The start-ups of today might not even remember the Dotcom story, when investors went haywire about the information super highway opportunity; they saw an economic potential, threw immense amount of money at it without thinking it through and the whole thing disappeared at the beginning of the new millennium. To this day, nobody really knows the amount of wealth that has been lost during that era. At that time the world understood money but not data.

Fast forward, we are now submerged by data, virtual worlds are growing not just on the gaming scene; buildings can be fully erected virtually reducing building costs by solving problems virtually therefore avoiding them in real. We have social media too, virtual spaces where we can meet our contacts, friends and dates, wherever we are in the world as long as we have an internet connection. Companies like Google have mapped the planet which in turn allows us to virtually visit places where we might never go physically. Apps are helping us in practically all aspects of our lives. The potential seems limitless.

While the virtual is increasing its ability to replicate what’s real, there is an increasing growing gap between the people who have access to data and the people who don’t. In the real world, resources are depleting, population is growing in numbers, and with the challenges at hand of climate change, migration, access to food, energy and shelter, it looks like the real mission of the power within the data is to find a way not just to make the world a better place but to actually find a way to save it. Quite an elliptical shortcut.

Data is a piece of information, information is knowledge, knowledge is power, and with power comes responsibility. Here we go.

Let’s face it, we are in a situation where an individual can reshape the world by building a smart algorithm using Big Data from the comfort of their bedroom; in this same world it is possible for kids to make ridiculous amount of money by posting videos on YouTube that are watched by millions of viewers. How are we supposed to pass on traditional values of hard work, dedication and perseverance when children are witnessing overnight success stories? How do we convey the importance of altruism when fame is built on narcissism and number of viewers?
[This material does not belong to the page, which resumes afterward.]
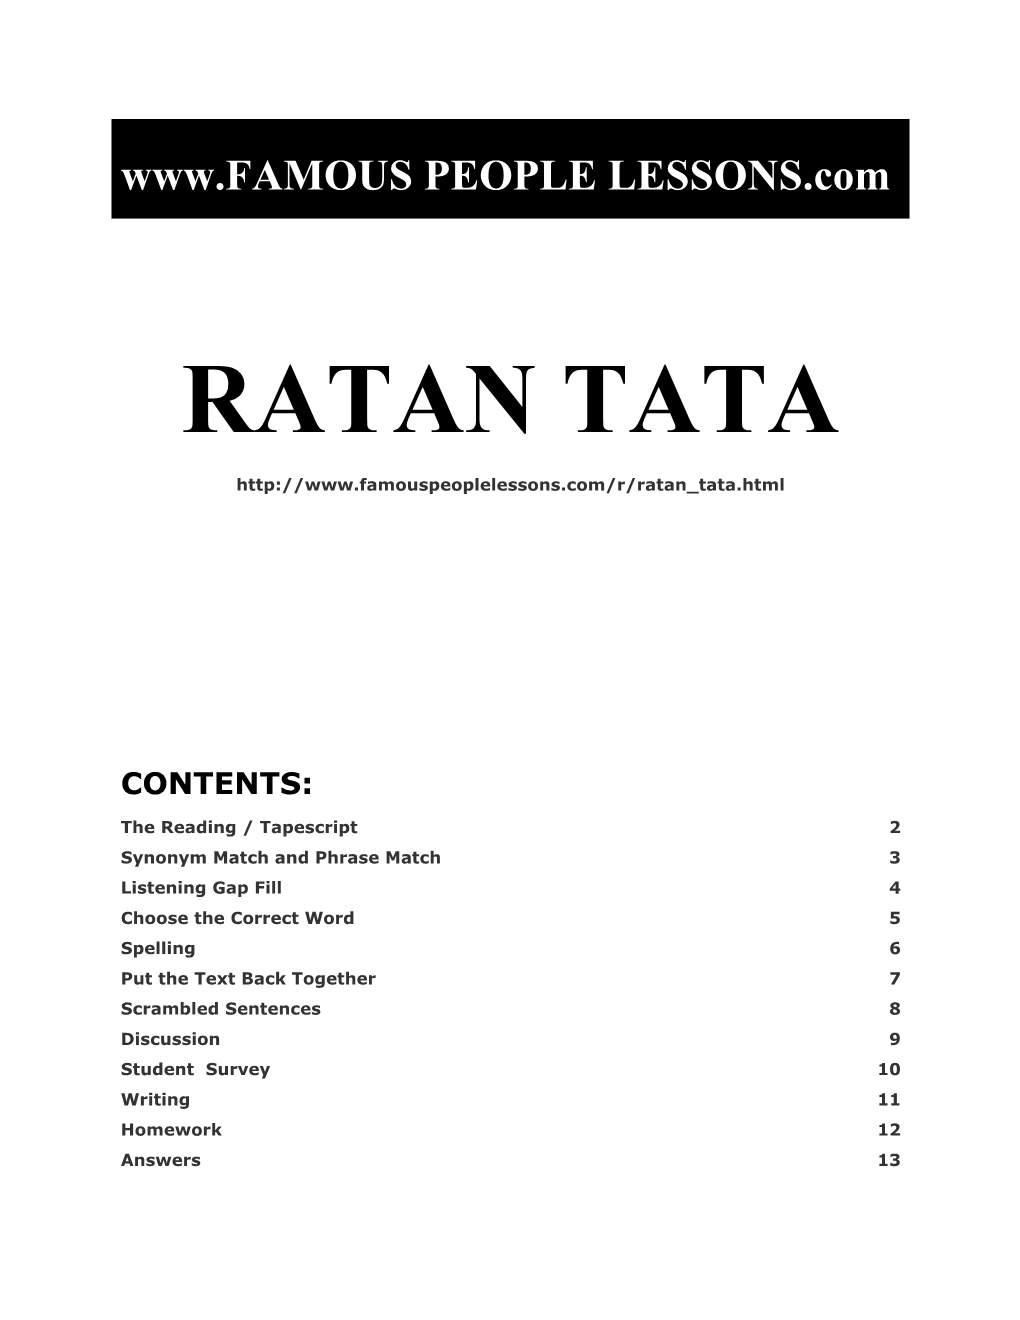 Famous People Lessons - Ratan Tata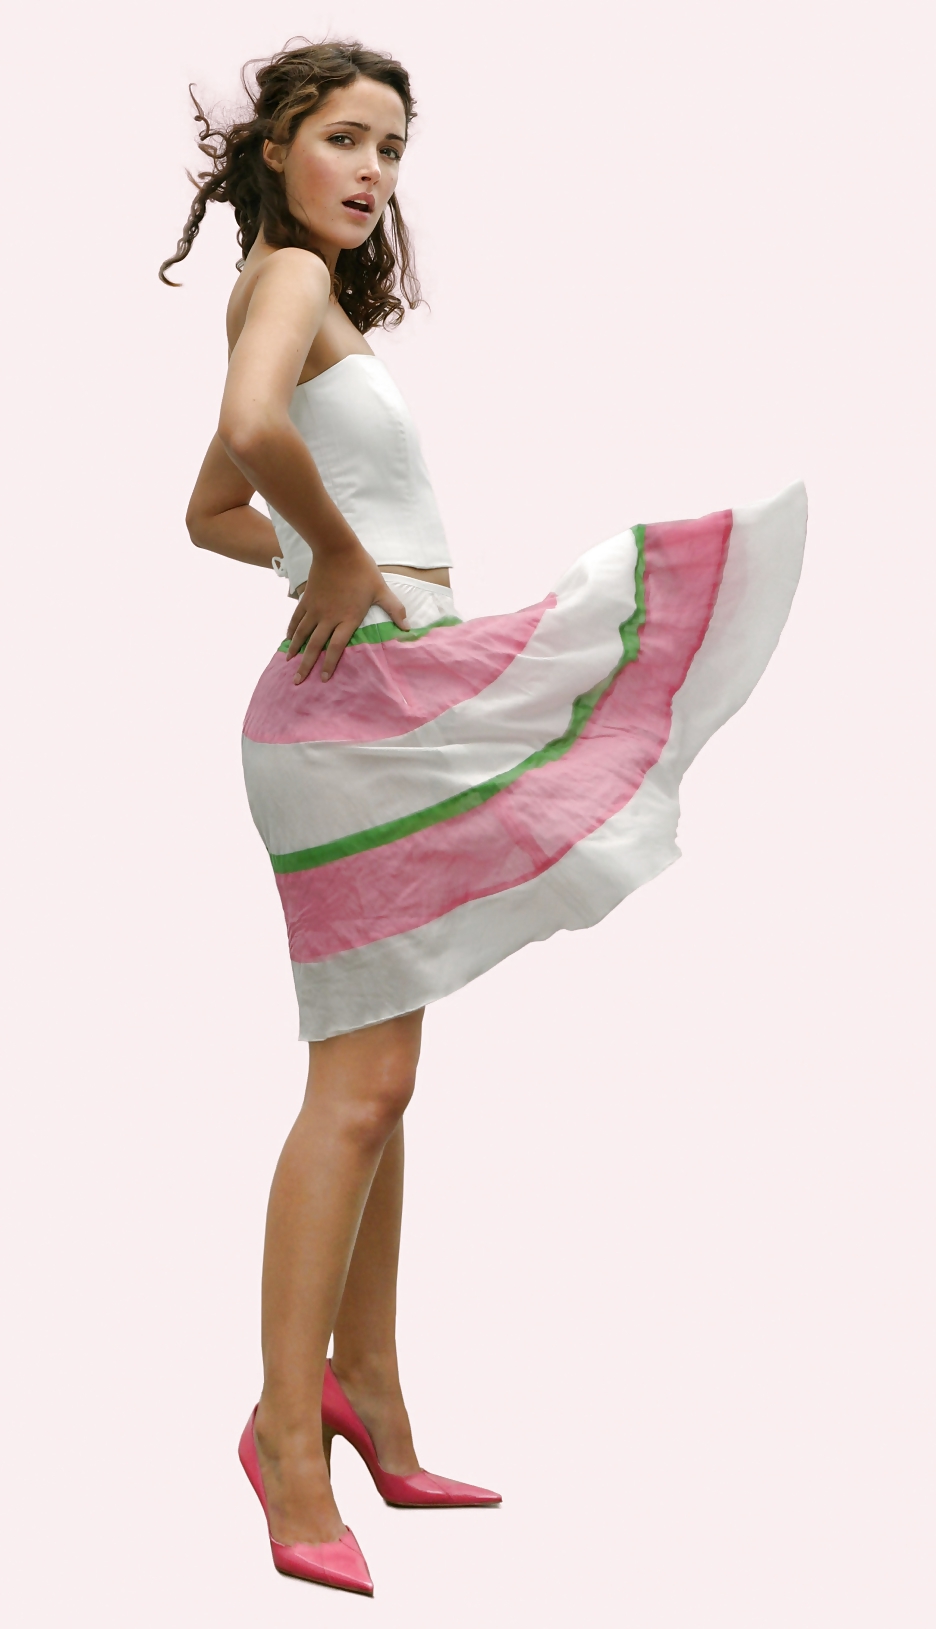 Rose Byrne, bella attrice con gambe sexy
 #20508102

One element of response might be the one thing that companies are looking for more desperately than data: Probity and integrity.
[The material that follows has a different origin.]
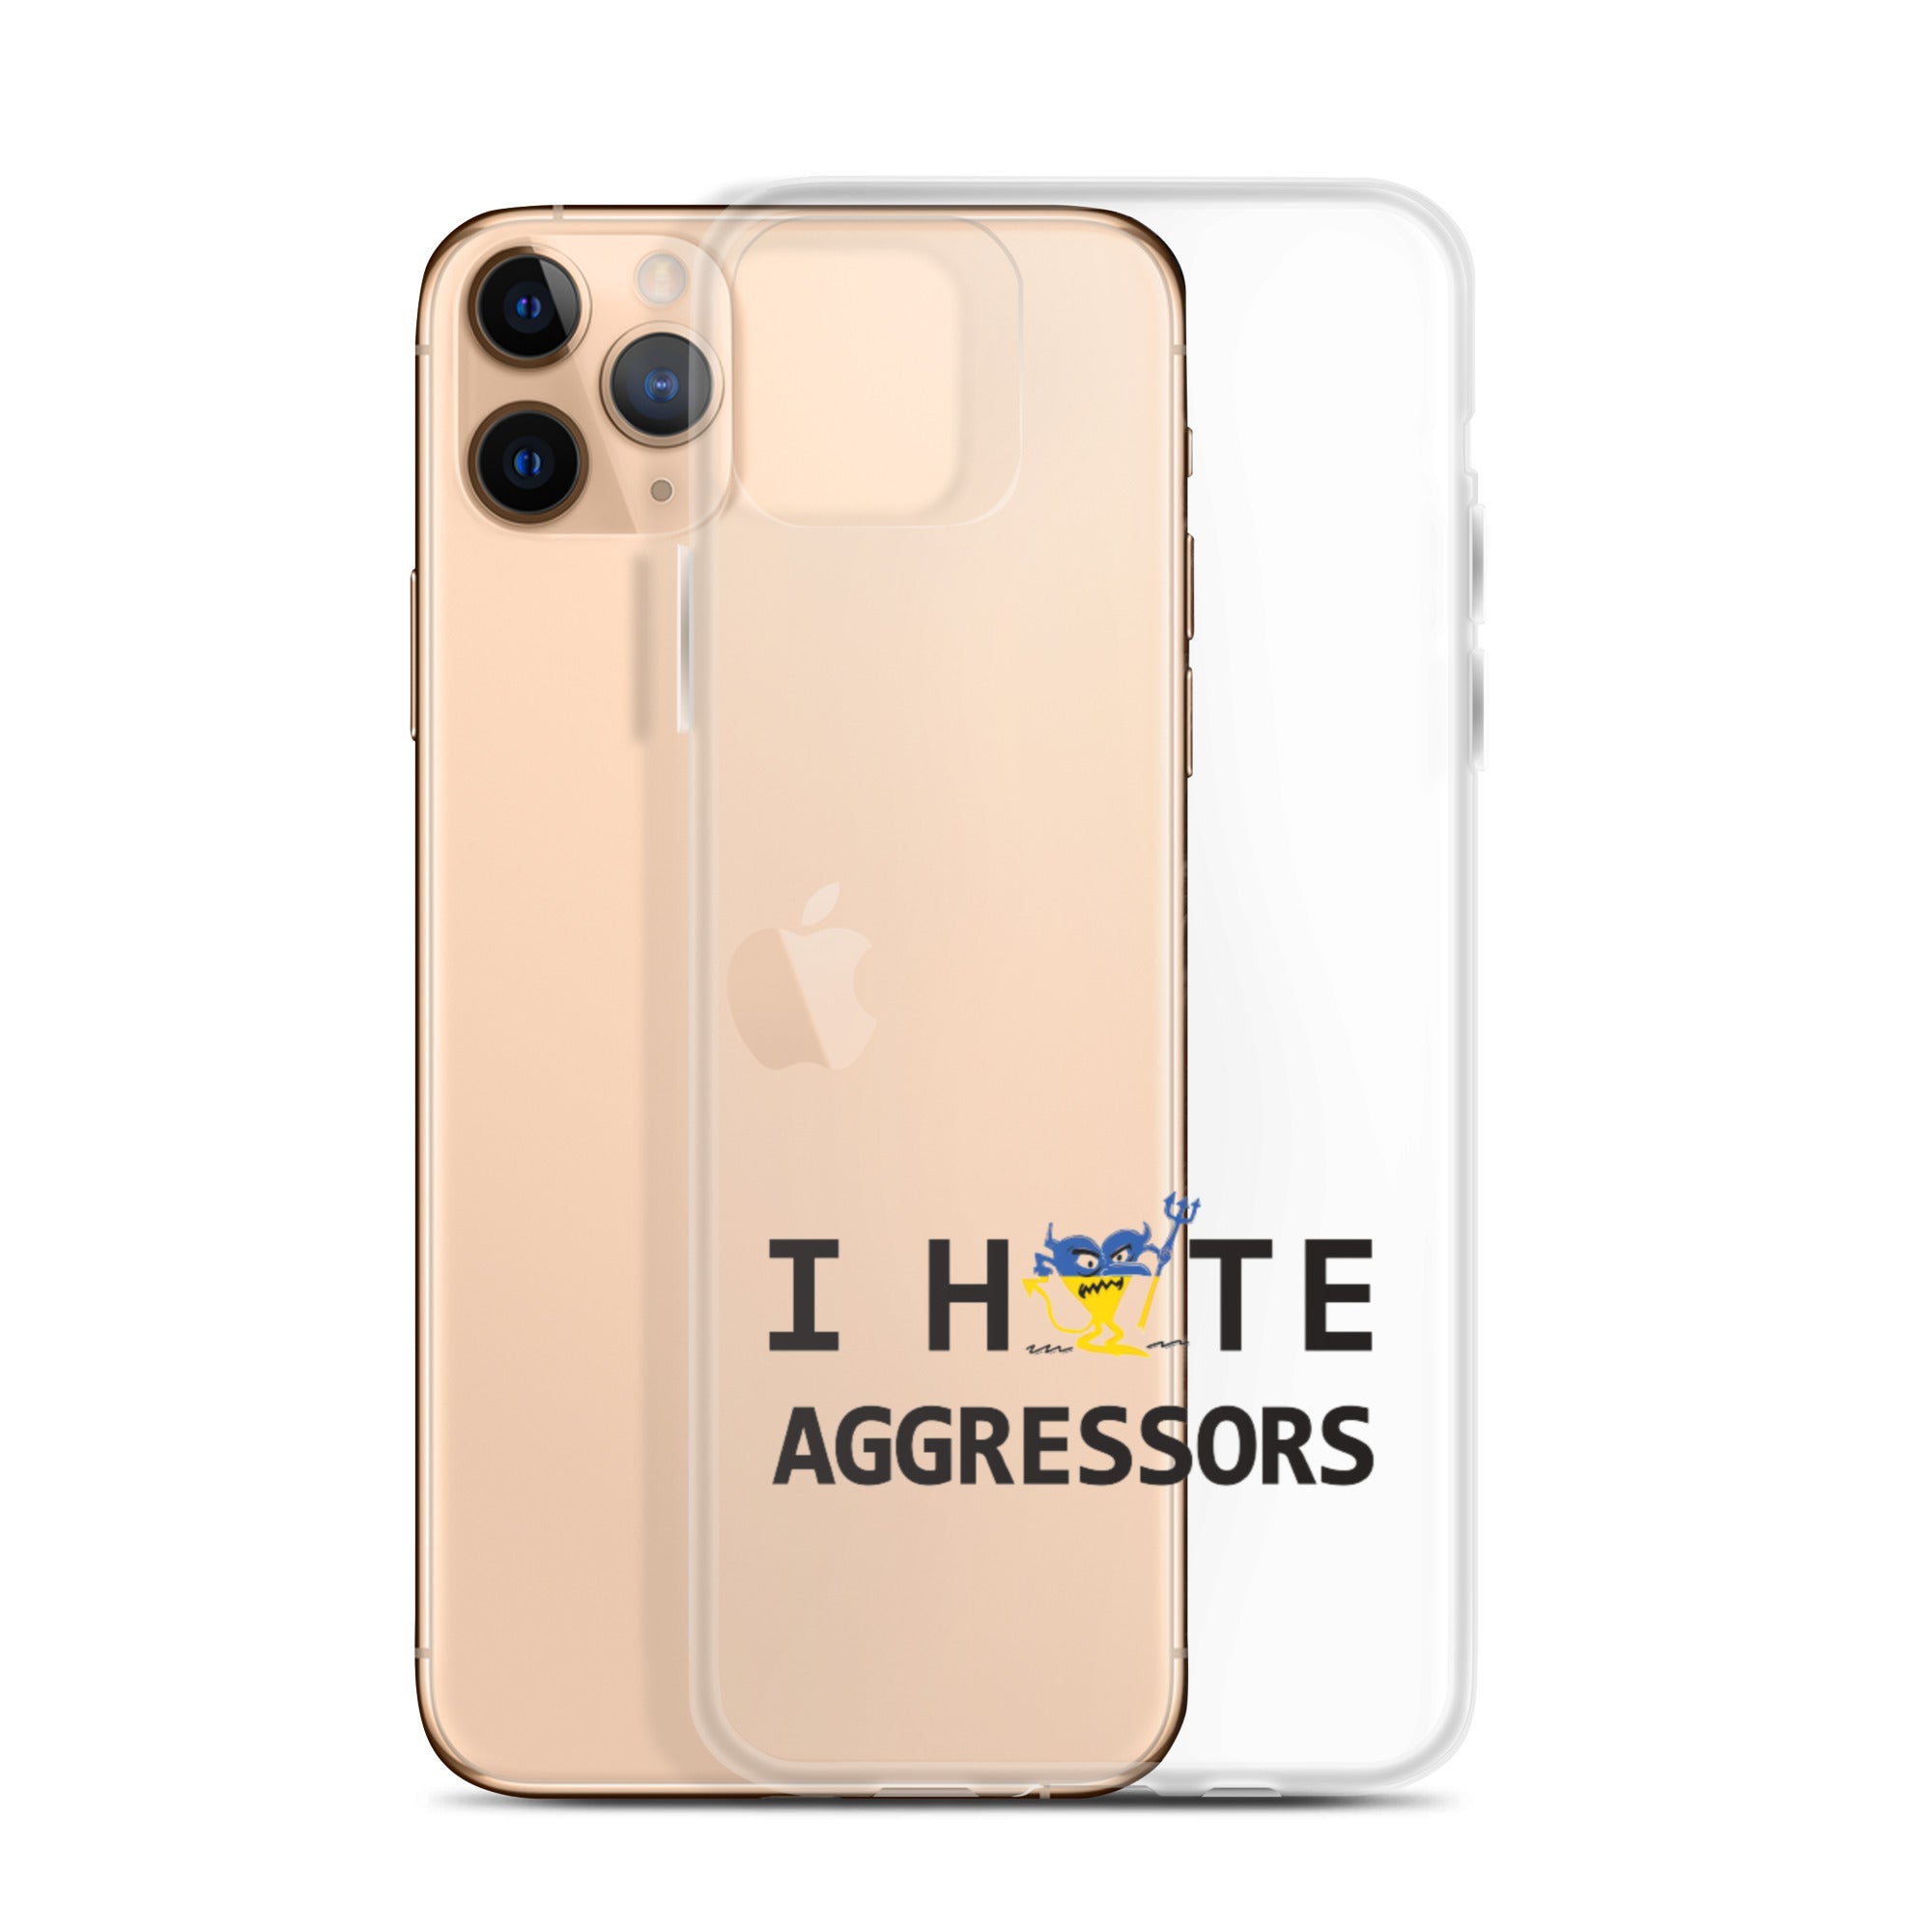 I HATE AGGRESSORS iPhone Case

The smart algorithm economy is real, it is reshaping the way we learn, the way we work, the way we relate to each other; it is evolving extremely fast and brings a lot of uncertainty. However, its potential, if harnessed properly, could help solving some of the current very urgent issues that are energy demand, food production and climate change, just to cite a few. By allowing a true holistic approach to large problem solving, it will help people and companies to collaborate at all new levels, reducing the silo approach that has proven so many times unhelpful by bringing more new problems than the one it was supposed to solve in the first place.

A tomorrow where building conditions will be maintained by taking into account the DNA of its occupants and adapt according to the awareness of their perceptions, in other words when buildings will be in tune with their occupants as much as the occupants will be in tune with the building they work or live in, maybe farfetched today but possible when Big Data will be at that level.

The question that remains is: How much are we ready, individually, to give back instead of taking endlessly? My understanding at this point in time is: Probity in the probability of the data is probably the answer.